10. Нет серьезной инфекции или серьезного неконтролируемого сопутствующего заболевания. Полностью восстановился после любой серьезной операции.
11. Нет признаков другого одновременно активного злокачественного новообразования.
12. Не менее 4 недель после любой предшествующей химиотерапии рака (2 недели для кортикостероидов), терапии антителами или лучевой терапии.
13. Предшествующая лучевая терапия менее чем на 25% костного мозга. Кроме того, целевое(ые) поражение(я) не должно быть предварительно облучено.

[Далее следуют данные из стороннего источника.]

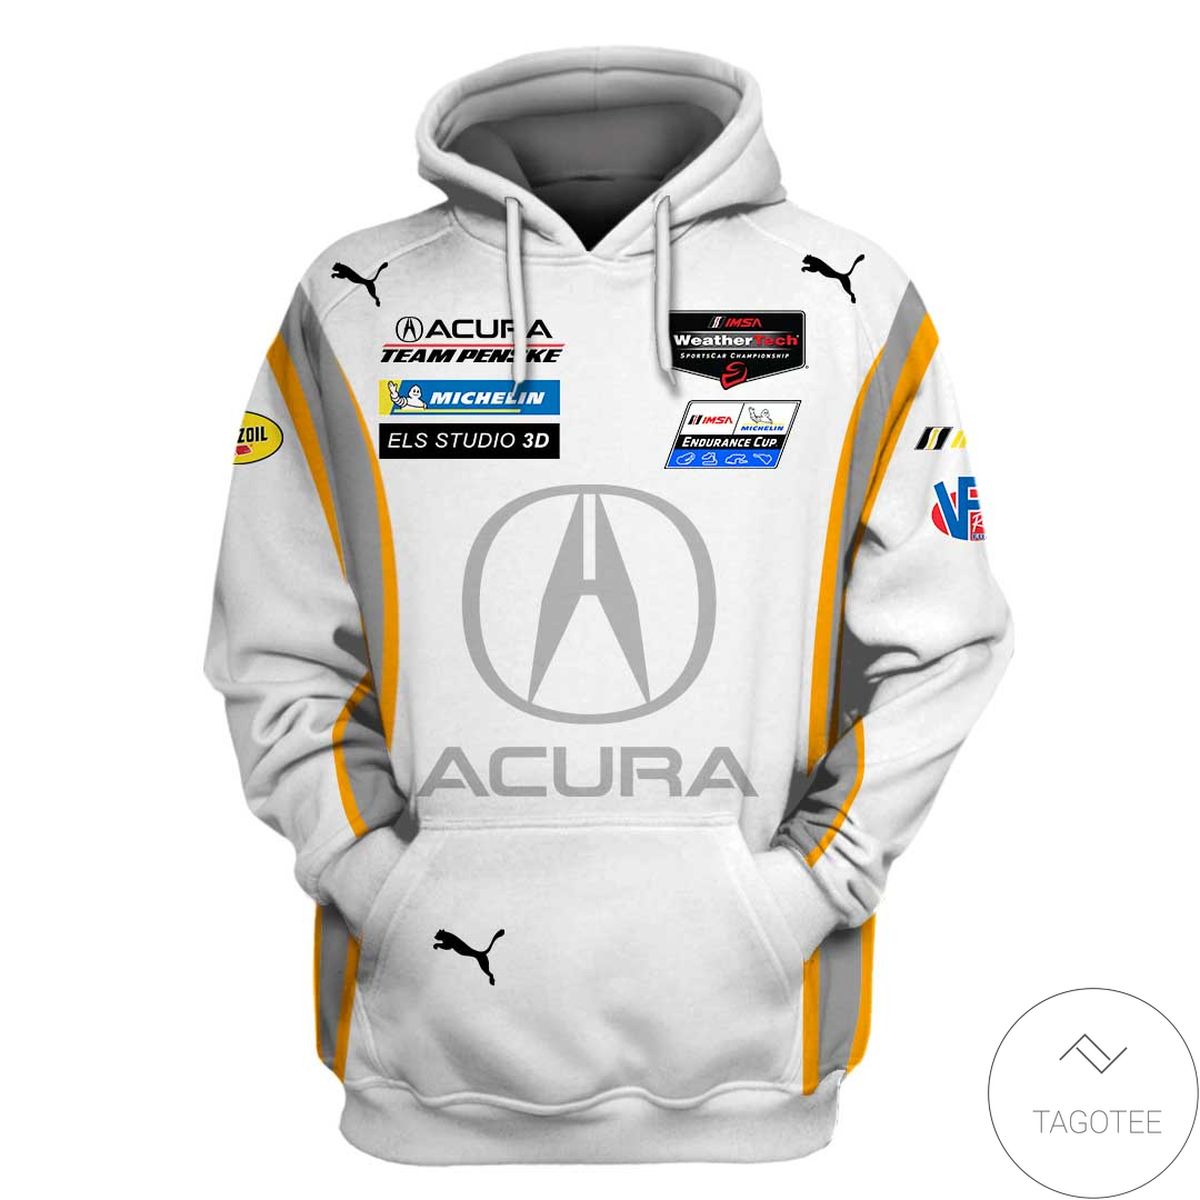 Acura Rallying Branded Unisex Racing Car  3d Hoodie

14. Клинико-лабораторные значения в следующих пределах:

    1. Hgb>/=10,0 г/дл
    2. Абсолютное количество нейтрофилов АНК >/= 1500/мм3
    3. Тромбоциты >/=75 000/мм3
    4. Креатинин сыворотки </=2,0 раза выше верхней границы нормы
    5. Билирубин сыворотки </=2,0 раза выше верхней границы нормы
    6. Сывороточные АСТ и АЛТ </=3 раза выше верхней границы нормы
15. Уровень G6PD>/= нижний предел нормы
16. Способны и готовы дать информированное согласие и следовать требованиям протокола.

Критерий исключения:

1. Диагноз лимфомы основан на тонкоигольном аспирате.
2. Показана или возможна лечебная терапия.
3. Отсутствие поддающегося измерению целевого поражения или единственное целевое поражение ранее подвергалось облучению.
4. Симптомы, результаты осмотра или лабораторные данные, позволяющие предположить поражение центральной нервной системы.
5. Возраст < 18 лет
6. Прогнозируемая продолжительность жизни <4 месяцев.
7. Беременные или кормящие.
8. Неспособность или нежелание использовать приемлемую с медицинской точки зрения контрацепцию, если она способна к деторождению.
9. Доказательства серьезной инфекции или другого серьезного неконтролируемого сопутствующего заболевания. Не полностью оправился от предыдущей серьезной операции.
10. Доказательства другого активного злокачественного новообразования.
11. Предшествующая лучевая терапия, терапия антителами или химиотерапия рака в течение 4 недель до начала лечения (2 недели для кортикостероидов). Предшествующая лучевая терапия >25% костного мозга.
12. Клинико-лабораторные значения вне допустимых диапазонов.
13. Дыхательная недостаточность, требующая оксигенотерапии; стенокардия покоя или инфаркт миокарда в предшествующие 3 мес; угрожающая жизни желудочковая аритмия в анамнезе; некомпенсированная ЗСН или сердечная недостаточность 3 или 4 степени по NYHA.
14. Неспособность или нежелание дать информированное согласие и следовать требованиям протокола.
15. Несоответствие любому из критериев приемлемости.